Uzun süredir İsviçre siyasetinde sürekli yükselen Yeşiller Partisi’nin oy oranındaki bu radikal düşüşün sebeplerini anlayabilmek için hem İsviçre’deki Milliyetçi Muhafazakâr Parti’sinin (SVP) seçim propagandasına hem de ekolojik ve çevresel amaçlara önem veren, şiddet karşıtlığı ve toplumsal adaleti savunan, katılımcı demokrasi üzerinde şekillenmiş bir siyasi parti olan Yeşiller Partisi’nin seçim propagandasına bakmak gerekmektedir.

İsviçre Halk Partisi daha önce defalarca kez yaptığı gibi bu defa da seçim propagandasını “göçle mücadele” mefhumu üzerinden kurgulamayı tercih etmiştir. Orta Doğu’da yaşanan savaşlar ve ekonomik krizin derinleşmesi sonucunda Avrupa’ya yasadışı yollarla iltica etmeye çalışan mülteciler, Avrupa’da her geçen gün artan bir “göçmen krizi” probleminin yaşamasına sebep olarak halk tabanında kendilerine yönelik tepkilerin artmasına sebep olmuşlardır. Bu durumu lehine kullanmayı başaran İsviçre Halk Partisi ise bütün seçim vaatlerini günden güne radikalleşen bir biçimde milliyetçi söylemler üzerinden kurgulamıştır. Toplumsal tabanın neredeyse her kanadında artan, “göçmenlere karşı olumsuz kanaatin” bahsi geçen partinin söylemlerinde karşılık bulması ise seçimin sonuçlarını doğrudan etkilemiştir.
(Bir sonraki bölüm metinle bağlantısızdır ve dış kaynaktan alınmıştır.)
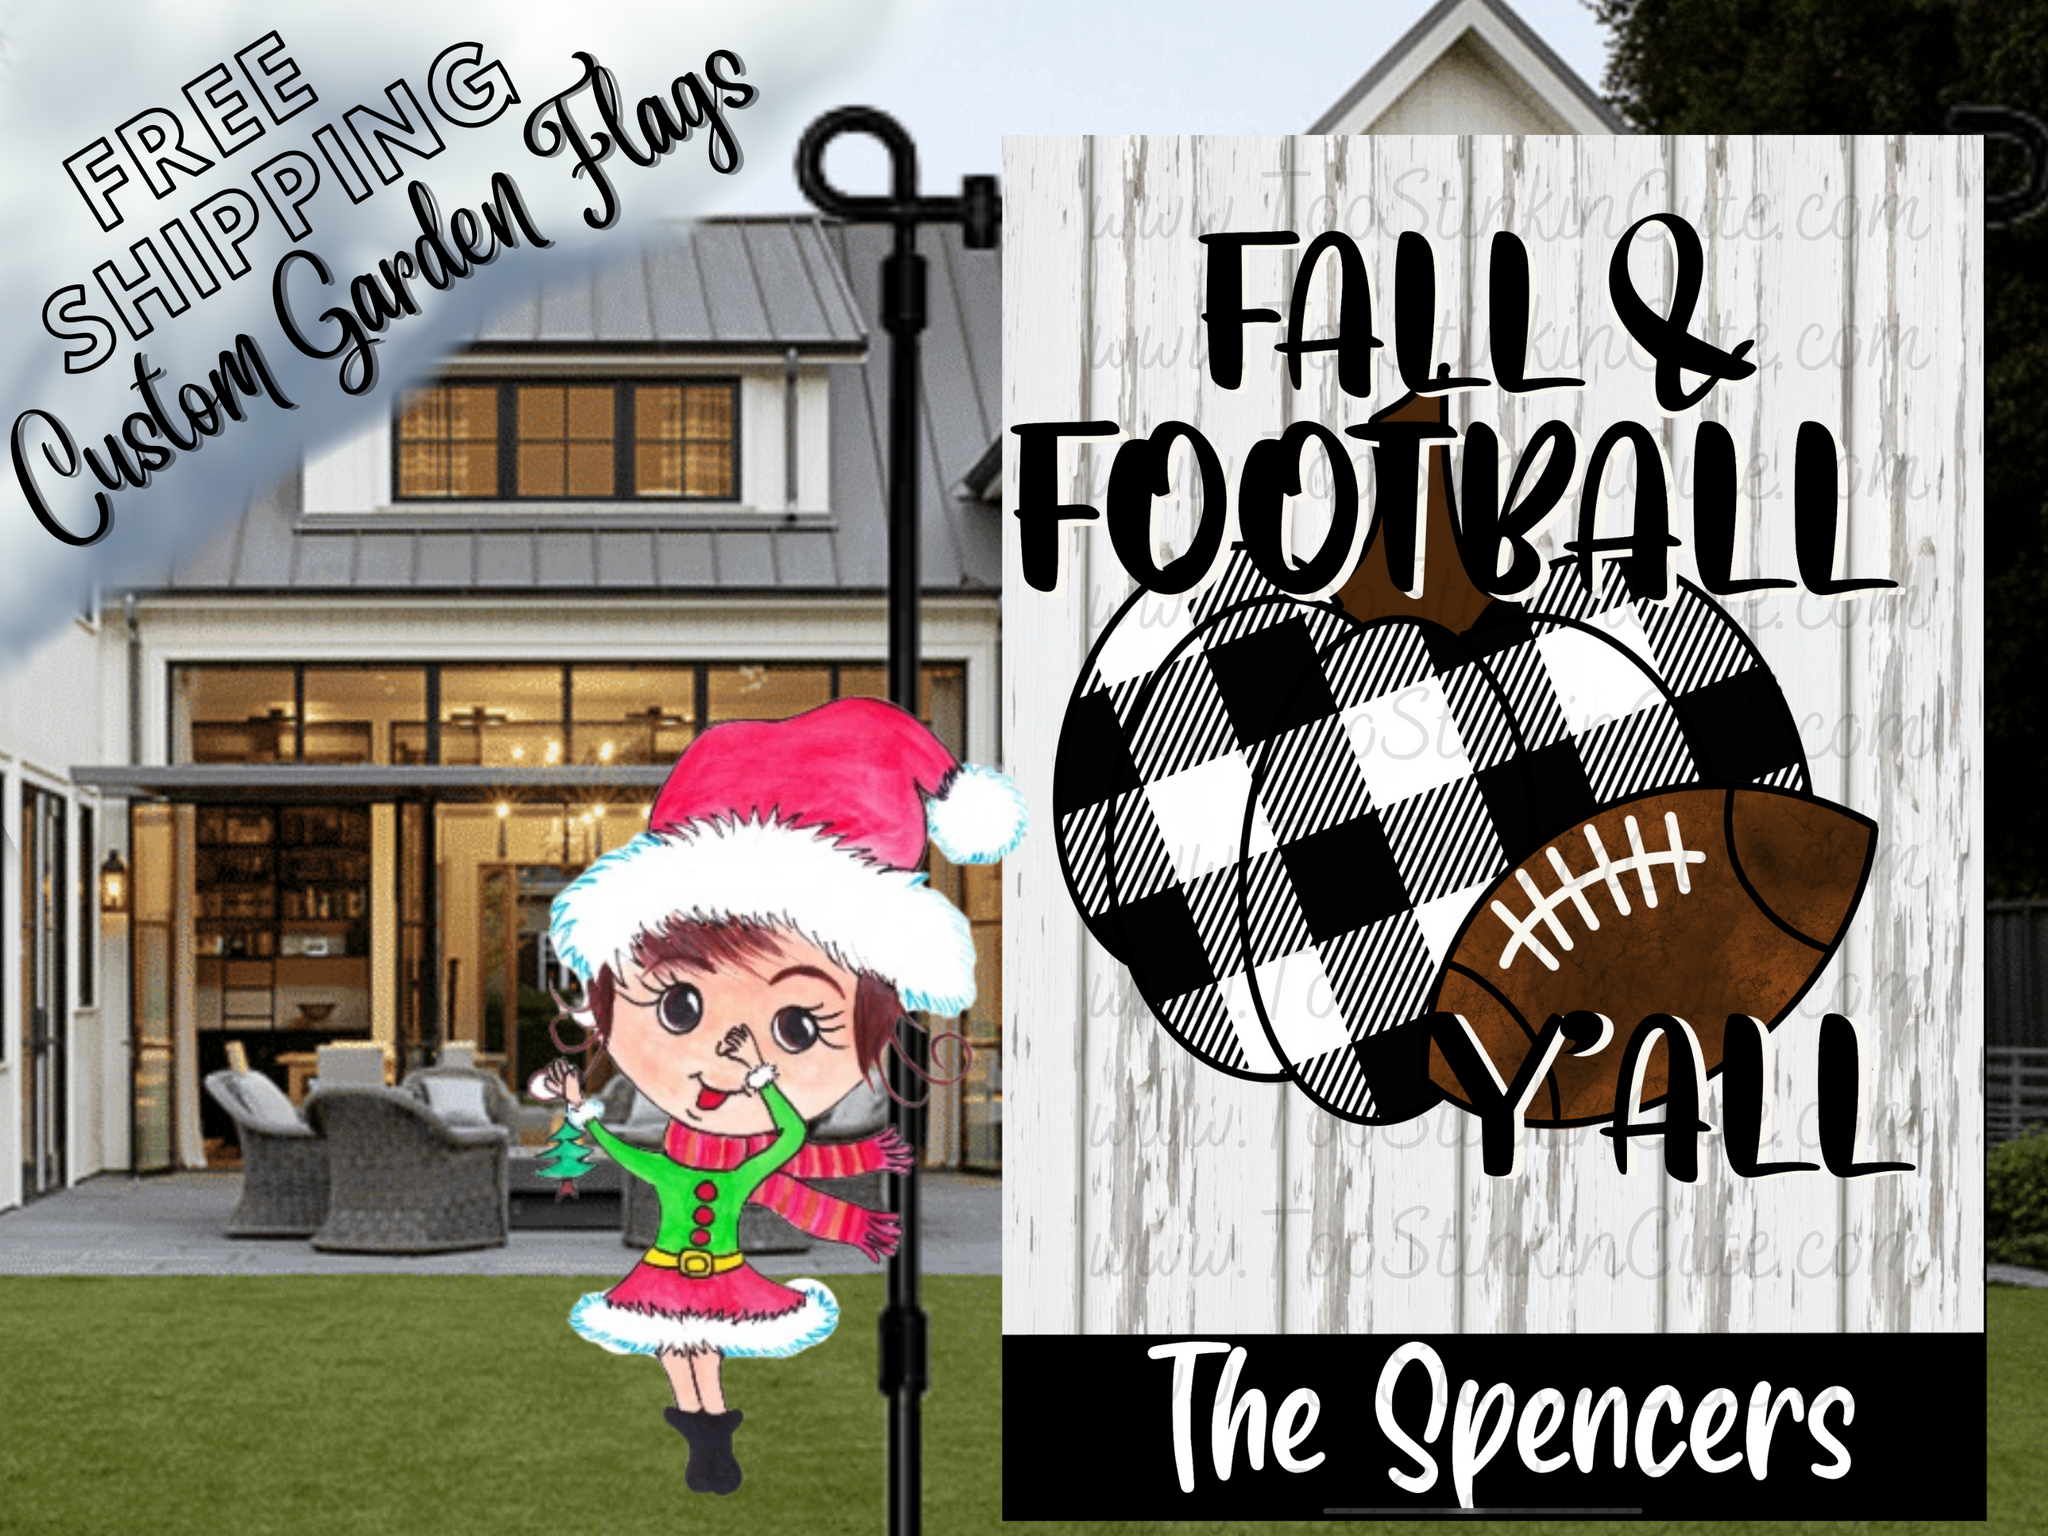 Fall & Football Y'all Personalized Garden Flag|Football Garden Flag|Football Flag|Football Fall Flag|Fall Garden Flag|Personalized Football

Yeşiller Partisi’nin de içinde bulunduğu sosyalist ve sosyal demokrat partiler ise 2023 yılı seçim propagandalarını toplumsal refahın ve kişilerin satın alma gücünün arttırılması üzerinden kurgulamışlardır. Ancak bu kez yürütülen propaganda süreci sol cenah için iyi sonuçlar doğurmamıştır. Bu partiler pandemi sonrası bütün dünyada yaşanan ekonomik dar boğazın İsviçre’de enflasyonun geri dönmesine yol açtığına dikkat çekerek vatandaşların alım gücünün düşmesine tepki göstermişlerdir.
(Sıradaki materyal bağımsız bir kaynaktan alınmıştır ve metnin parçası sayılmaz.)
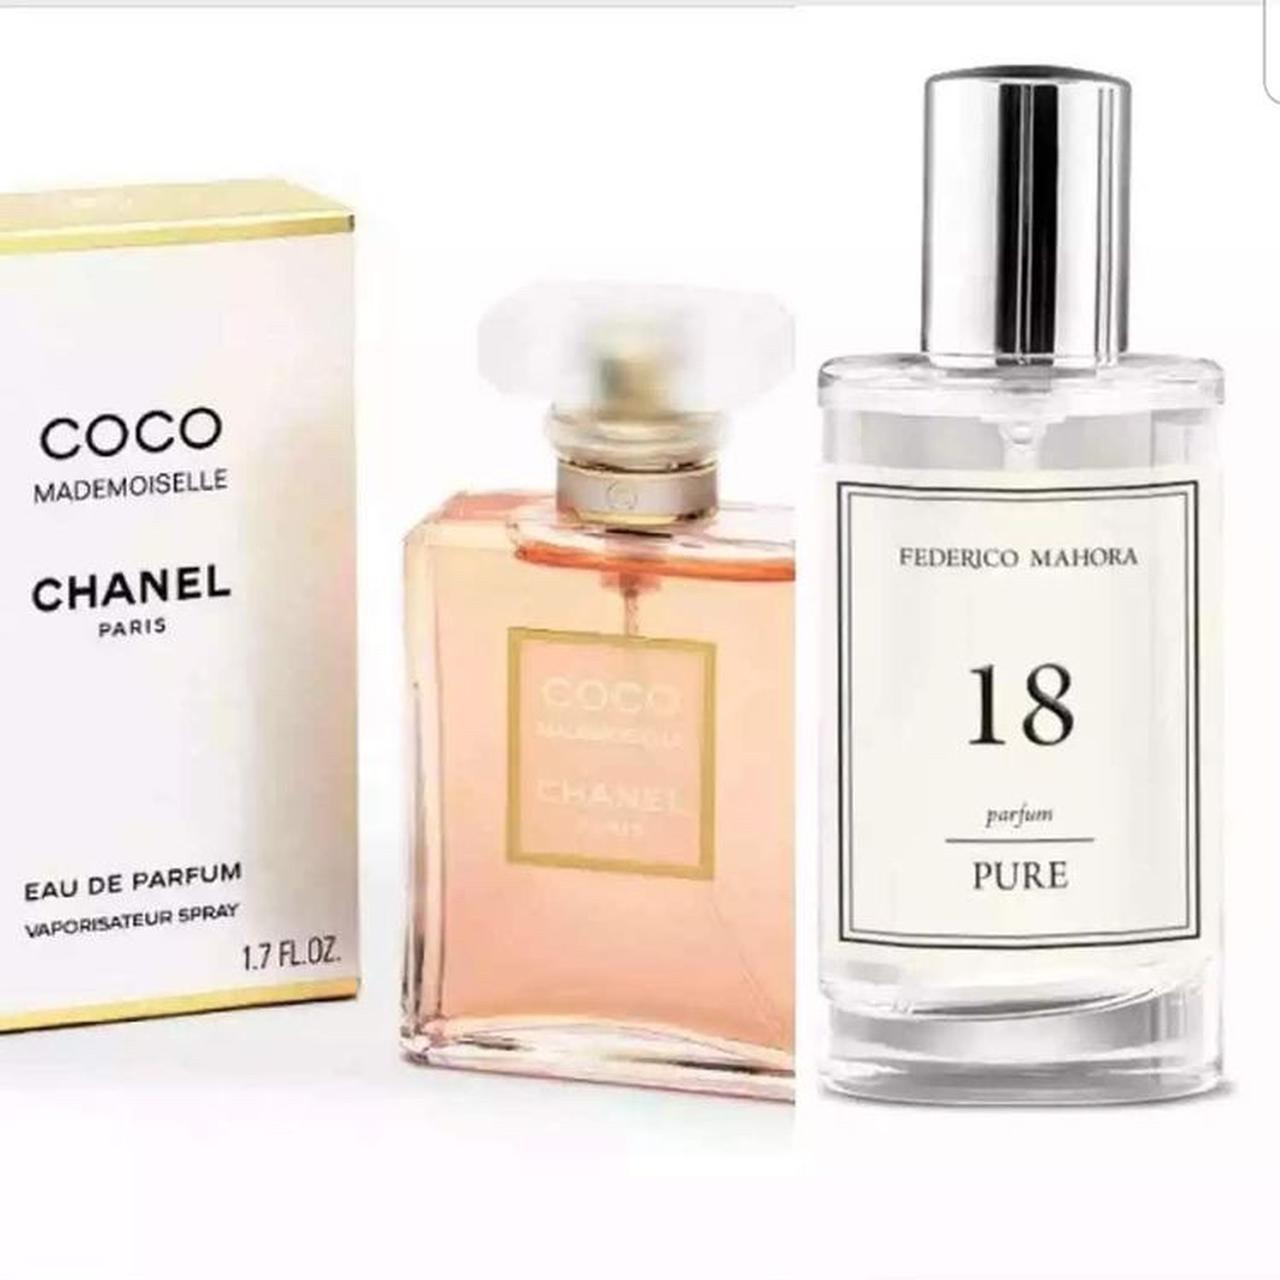 FM 18 -Eau de perfume -inspired by Chanel - Coco - Depop

Seçimlere 1 ay kala mevcut iktidarın sağlık sigortası primlerini artıracağına yönelik açıklamalarına çok sert tepki gösteren sol cenahtaki bahsi geçen partiler bir süre seçim propagandalarını bu konuya kaydırmış olsalar da hitap ettikleri seçmenden bekledikleri desteği görememişlerdir.
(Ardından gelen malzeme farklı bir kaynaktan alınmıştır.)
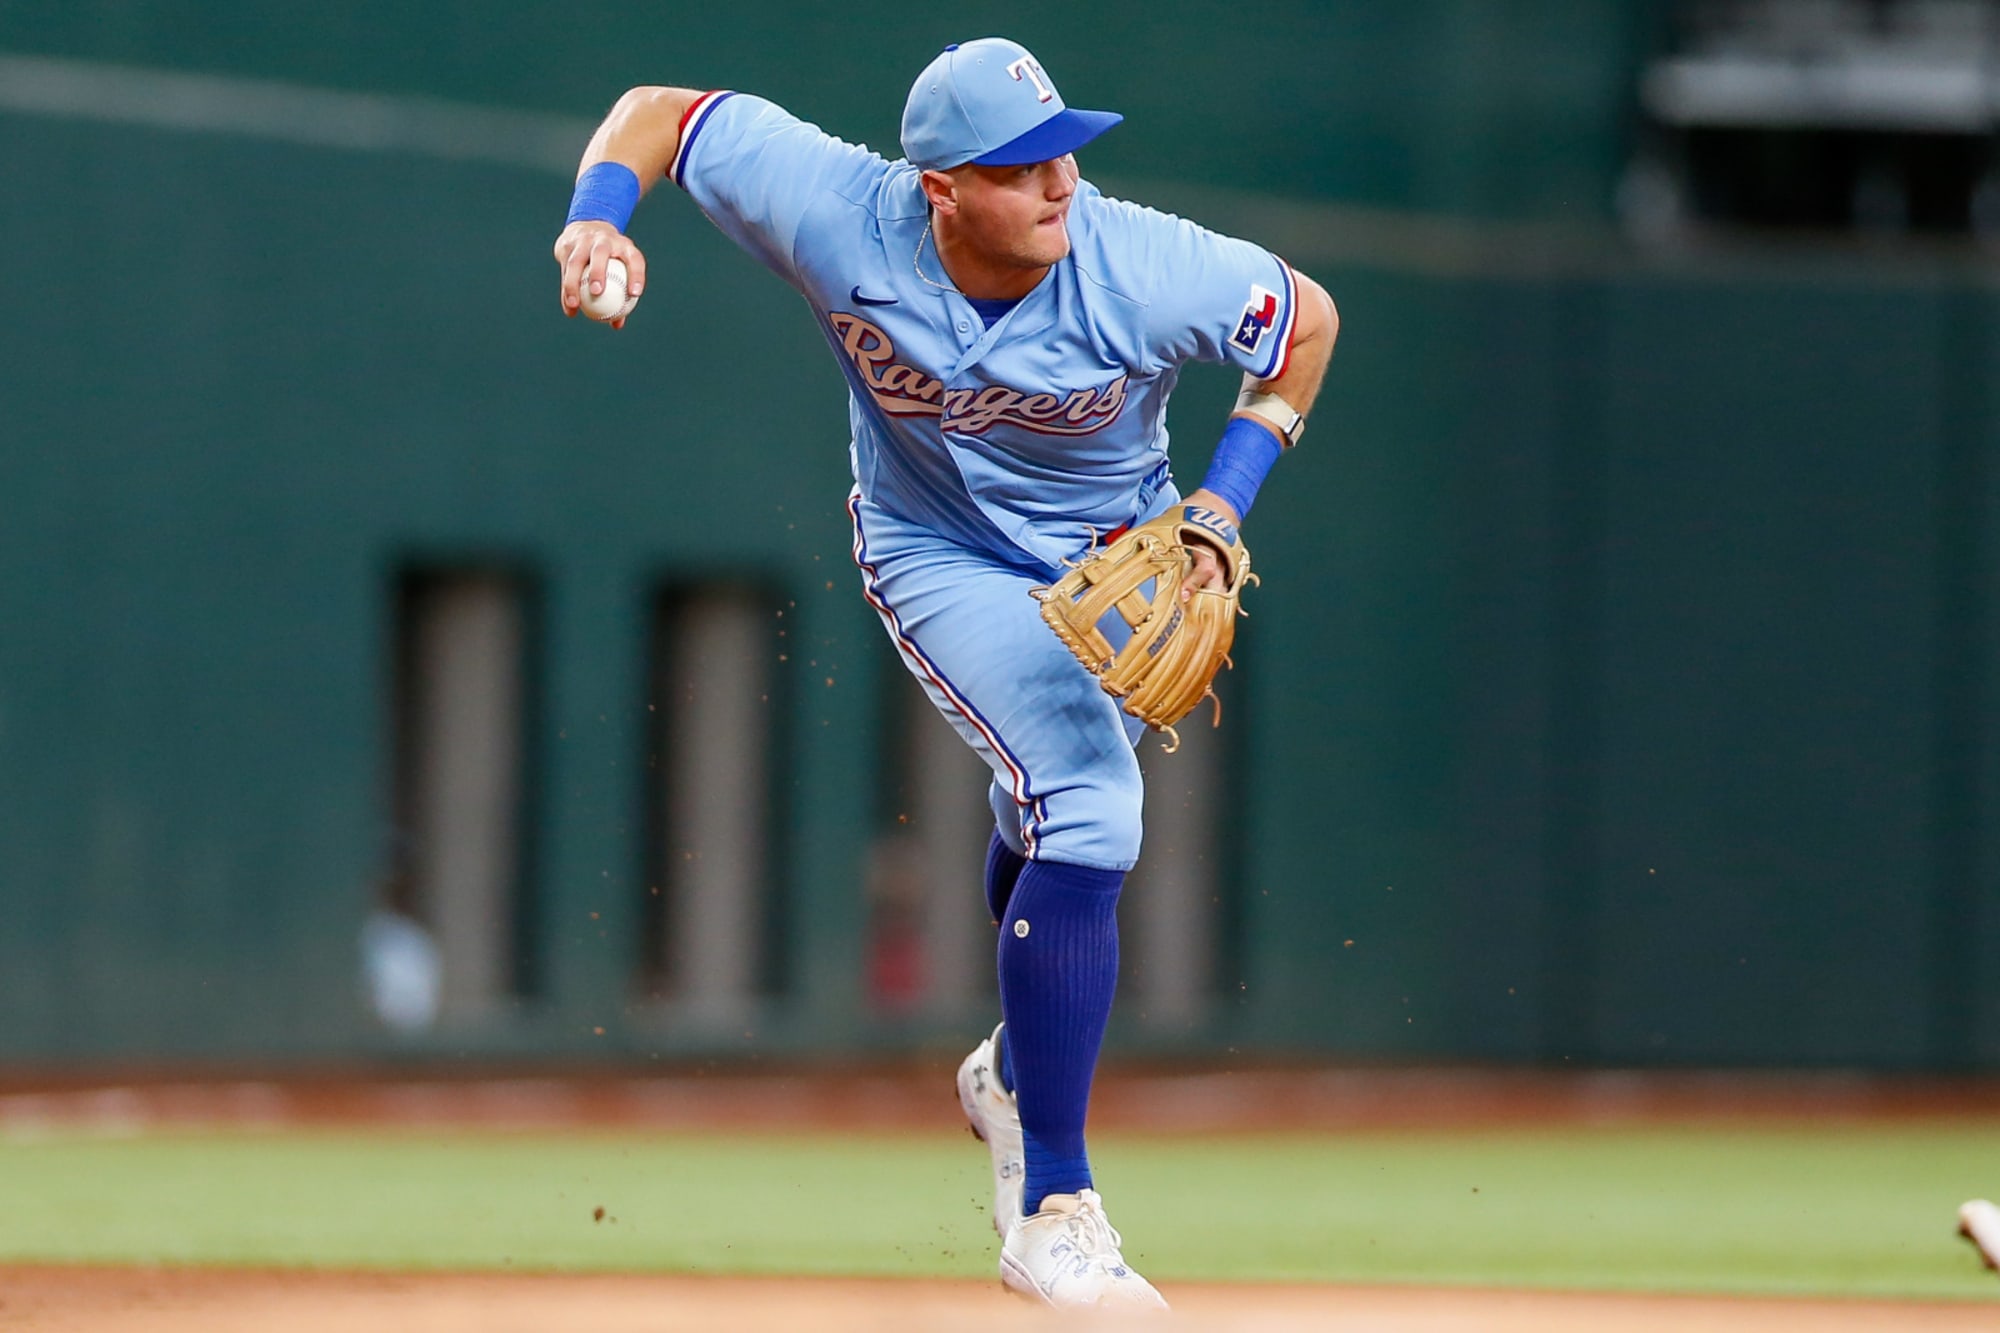 Texas Tech baseball alums: Josh Jung's season in jeopardy after broken thumb

Sonuç olarak son dönem dünya siyasetinde değişen dinamikler göz önünde bulundurulduğunda hem Avrupa’da hem de Orta Doğu’da milliyetçi sağ hareketin yeniden yükselişe geçtiği görülmektir. Yeni dünyanın yarattığı yeni milliyetçi hareketlerin odak noktasında ise “yasa dışı göçler” ve “mülteciler” bulunmaktadır. Buradan hareketle İsviçre’deki seçim sonuçları analiz edildiğinde İsviçre tabanında yükselen milliyetçi hareketlerin İsviçre Halk Partisi’nde karşılık bulduğu rahatlıkla söylenebilir. Elbette İsviçre’de kemikleşmiş bir sosyal demokrat taban bulunmaktadır ancak artık buna muhalif sağ muhafazakâr milliyetçi taban da her geçen gün güç kazanmaya devam etmektedir.